What is expected: No pictures belong in the copy, but every line of the material below must be reproduced exactly.
-- Recorded information follows --
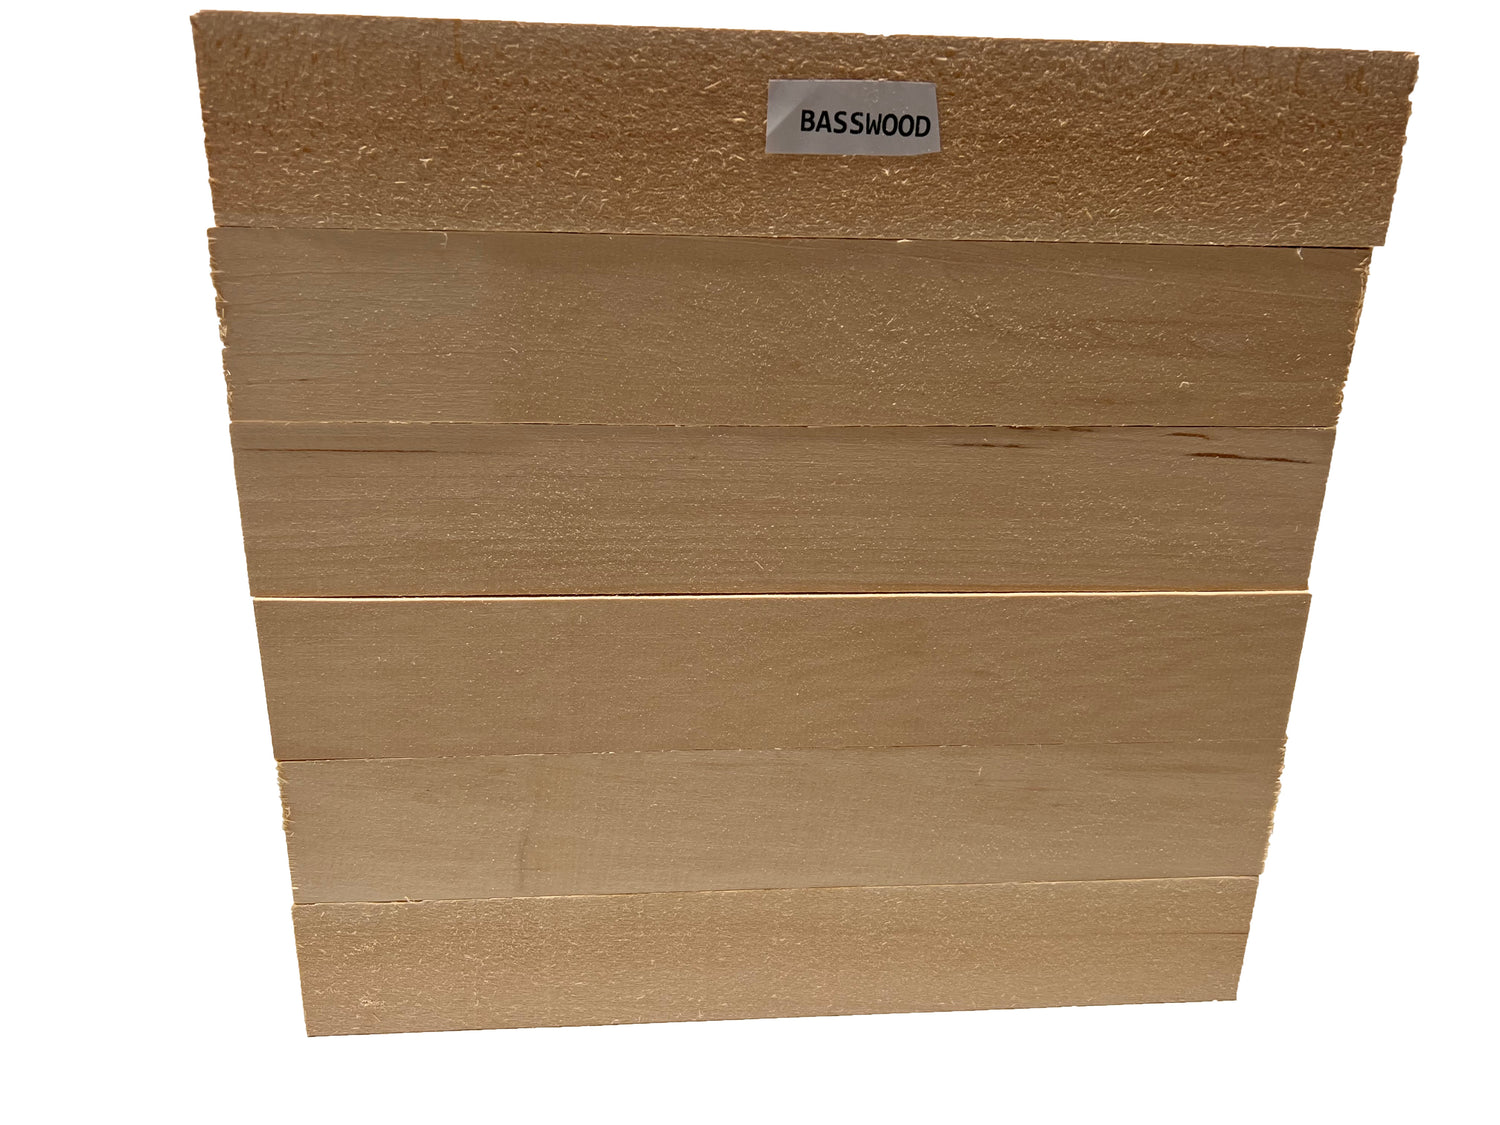 Paquete combinado de madera de tilo, torneado de madera adecuada, variedad  de tamaños y paquetes combinados para elegir (1, 2-1/2 x 2-1/2 x 6)
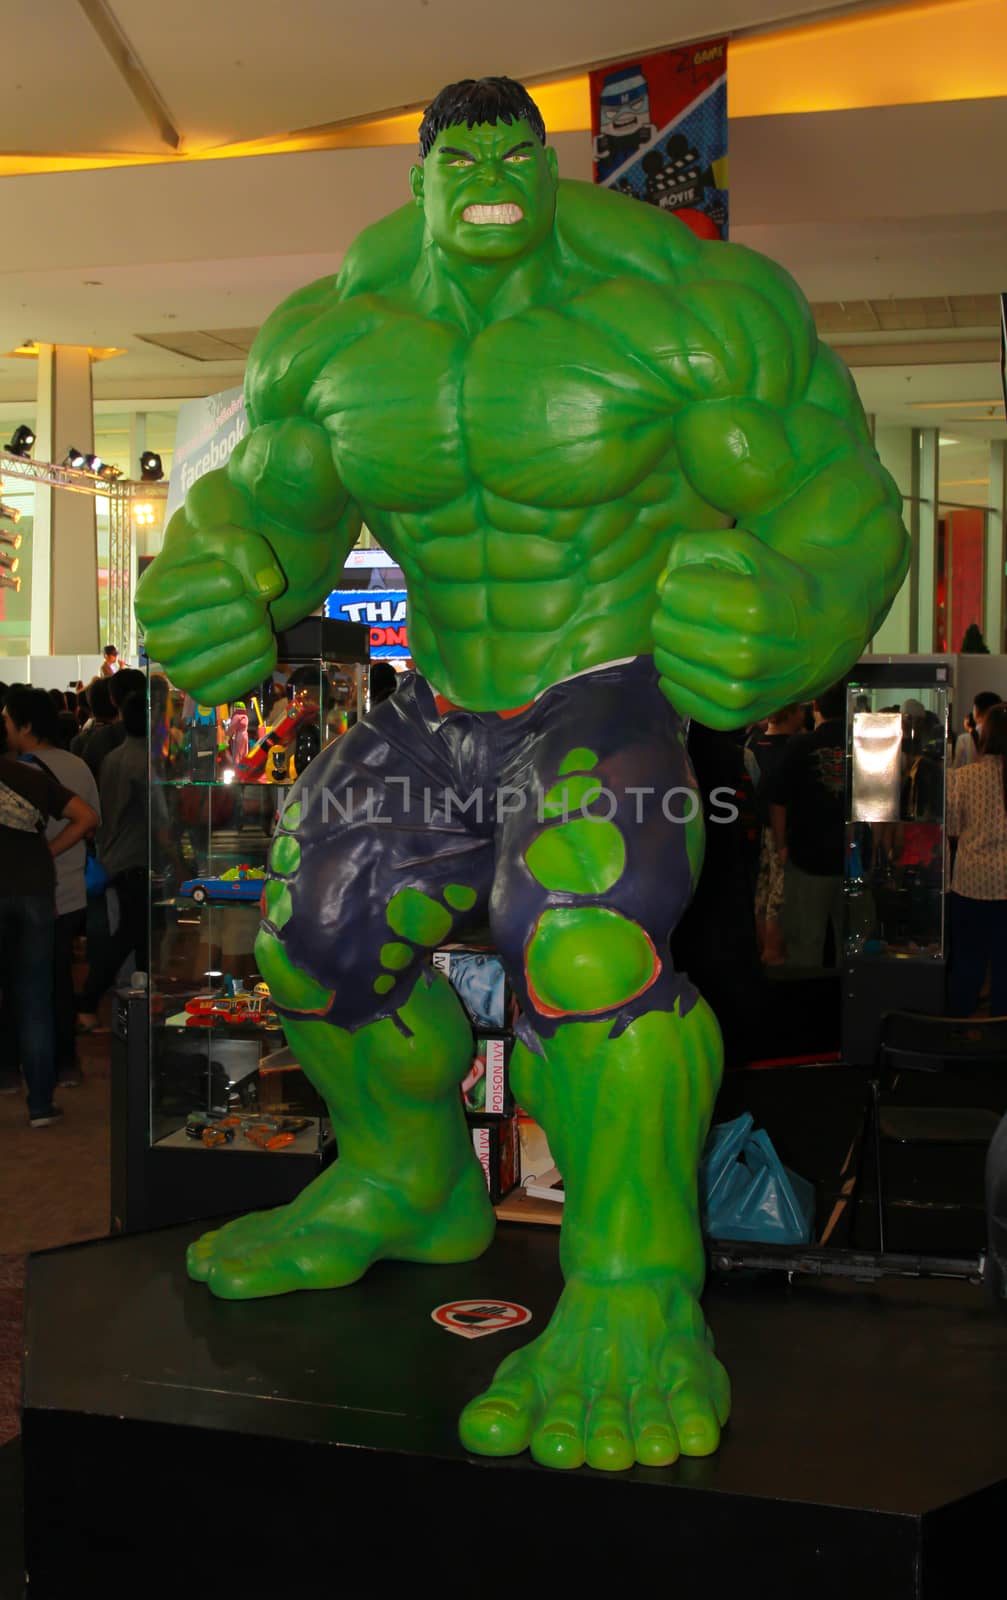 BANGKOK - MAY. 11: A Hulk model in Thailand Comic Con 2014 on May 11, 2014 at Siam Paragon, Bangkok, Thailand.
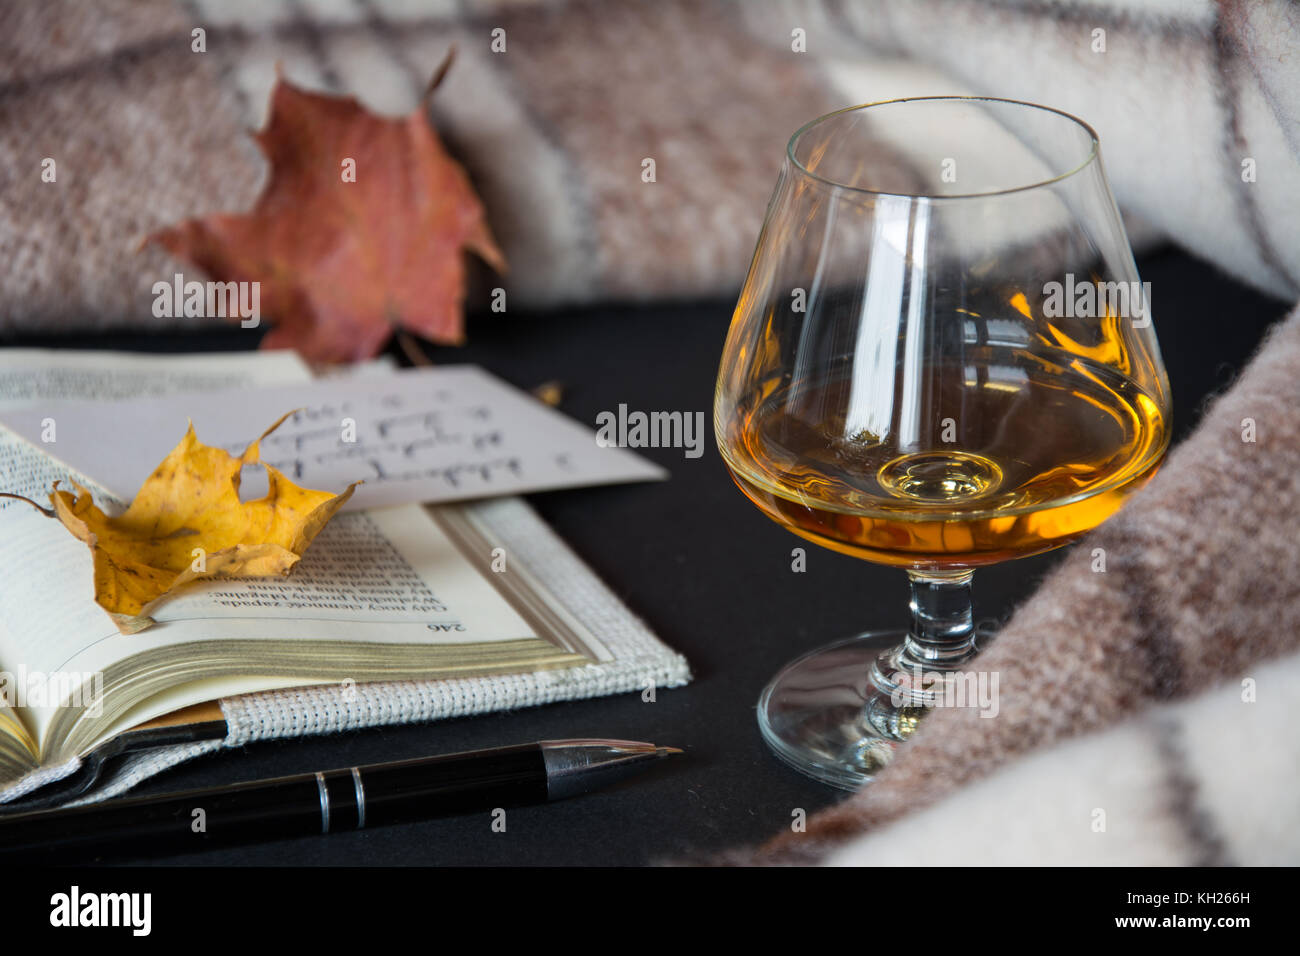 Un verre d'alcool ambré avec un livre ouvert, des feuilles sèches, un stylo-bille noir et couverture chaude en arrière-plan Banque D'Images
-- Recorded information concluded --
Written answer:
 Paquete combinado de madera de tilo, torneado de madera adecuada, variedad  de tamaños y paquetes combinados para elegir (1, 2-1/2 x 2-1/2 x 6)
 BANGKOK - MAY. 11: A Hulk model in Thailand Comic Con 2014 on May 11, 2014 at Siam Paragon, Bangkok, Thailand.
 Un verre d'alcool ambré avec un livre ouvert, des feuilles sèches, un stylo-bille noir et couverture chaude en arrière-plan Banque D'Images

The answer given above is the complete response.